When it comes to building decarbonization, it’s about the process of reducing the carbon (or the CO2 equivalent) that’s attributable to buildings. Sounds simple but this involves many different factors such as the building design, its construction, its operation, and then also how it’s occupied.
With so many working parts, why do we need to strive for building decarbonization? “The buildings and buildings construction sectors combined are responsible for over one-third of global final energy consumption and nearly 40% of total direct and indirect CO2 emissions.” That’s why! Thankfully, we have many experts in our industry and in Governments around the world that are actively trying to find ways to curb the emissions that we’re emitting and build more sustainable infrastructure.
Last year we hosted a Sustainable Infrastructure Summit and H.J. Dewes from ABB talked about circularity across the supply chain for manufacturers.

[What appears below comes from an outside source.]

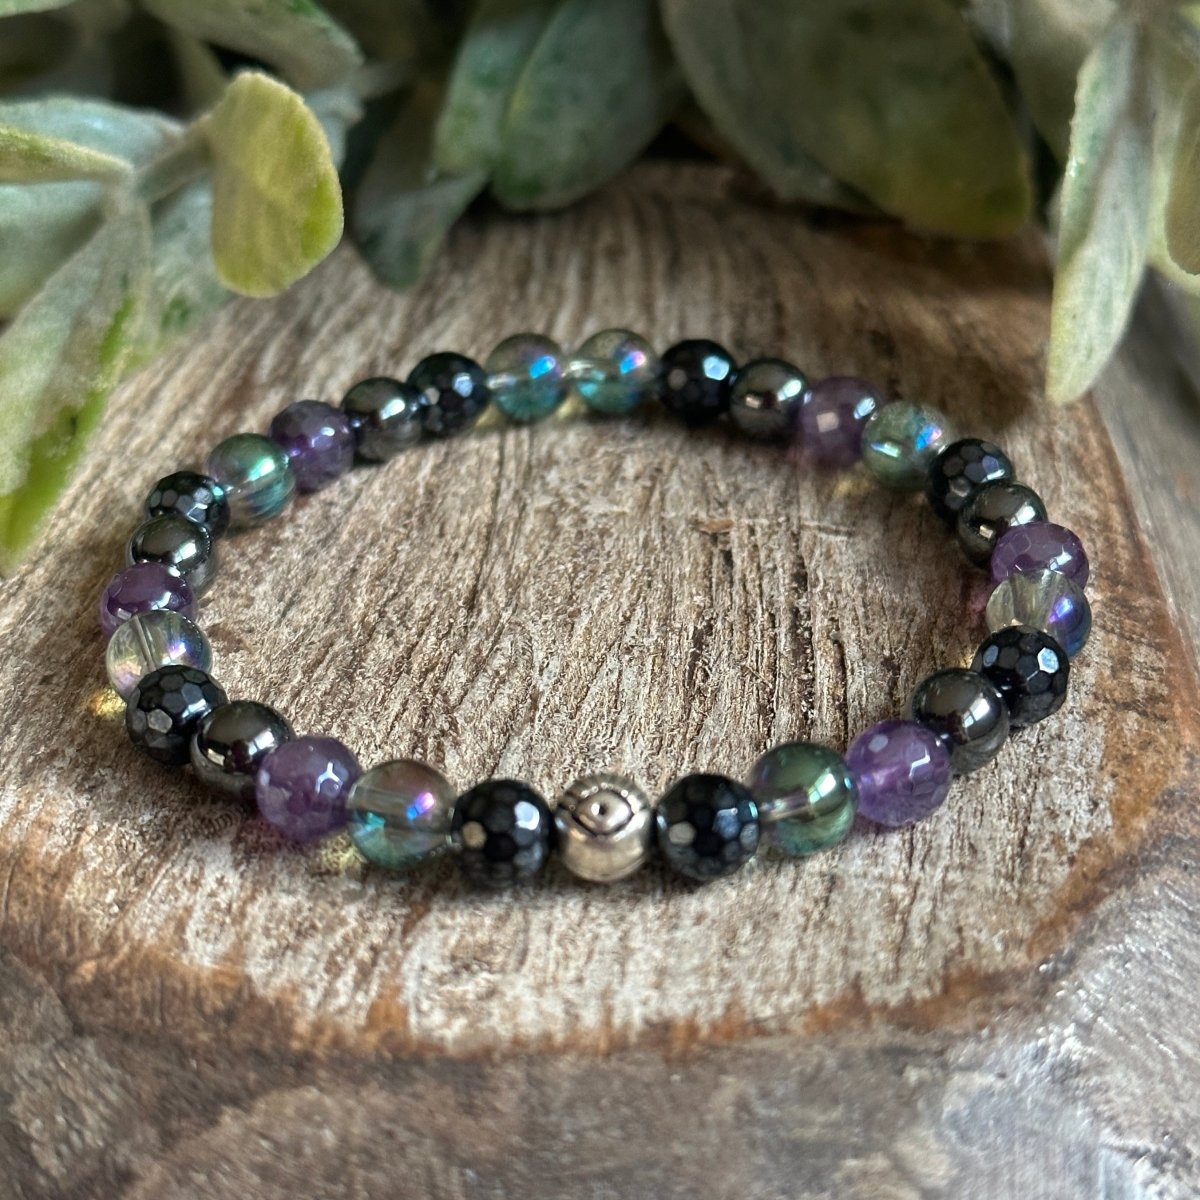 Mini Gemstone Stackable Bracelets for Men and Women (Guys and Girls)
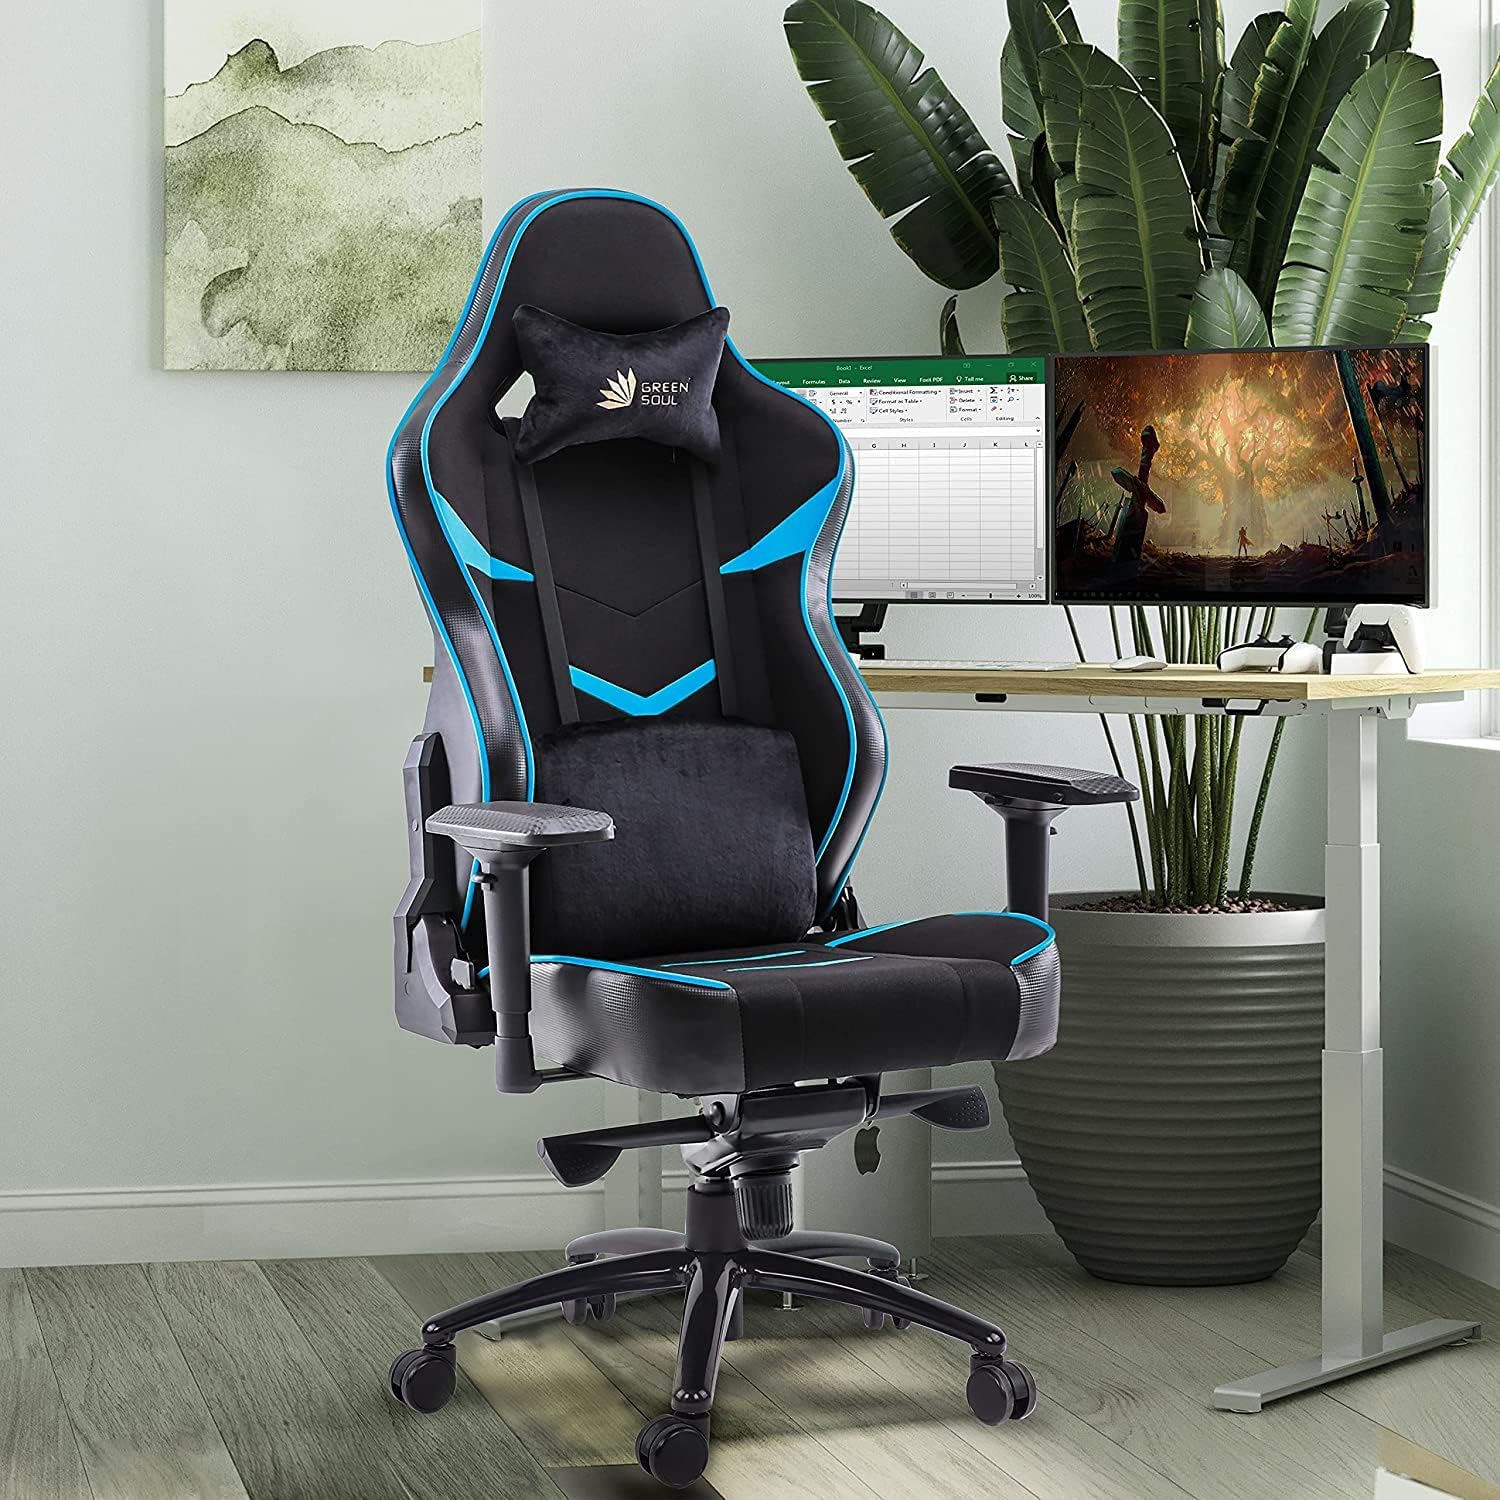 Dr Luxur OVERPOWER Series Gaming Chair for Gaming, Home Office and Study- Perfect For Work From Home with Lumbar Support, 2-D Armrest, Footrest and 180 Degree Recline, and Multi Locking Position (OverPower)

He talked about the need to re-think the supply chain and how it’s going to feed your business, how it’s going to feed your customers, how it’s going to feed the world, and how do you get that back?
Just like the different factors that go into building decarbonization, how can we be looking at it from that circularity viewpoint? How can we be planning systems with everyone in mind, from the design engineers to the contractors to the building owners to the operations/maintenance people to the occupants?
In the buildings sector we have a lot of excess waste from job sites, technology advancements garnering old systems obsolete, increasing demands for electricity with an already stressed electrical grid, among many other challenges. But we also have a global issue around carbon emissions and upcoming generations that are becoming much more aware of the environment around us, the ways we are contributing to climate change, and looking for solutions to integrate sustainability into our daily lives.
If there’s something we have all learned (or been reminded of) as a society over these last two years, it’s that human beings are resilient. Resiliency is the capacity to recover. Even though it’s not a quick fix, climate change, building decarbonization, sustainability – we are all a part of this and can all make an impact.
ASHRAE (American Society of Heating, Refrigerating and Air-Conditioning Engineers) has the vision, “a healthy and sustainable built environment for all” and they are doing their part to live and breathe this. They have been educating people about the new energy future and have also created a task force for Building Decarbonization. They acknowledge that the United States is way behind the rest of the world when it comes to this and they are actively working to lead change and help move us closer to where we need to be.
There’s no one solution but if we’re all working together with the common goal to reduce the nearly 40% of global emissions that the buildings and building construction sector currently makes up, I believe that we can effect change. And that starts with us and the HVACR community actively working towards building decarbonization!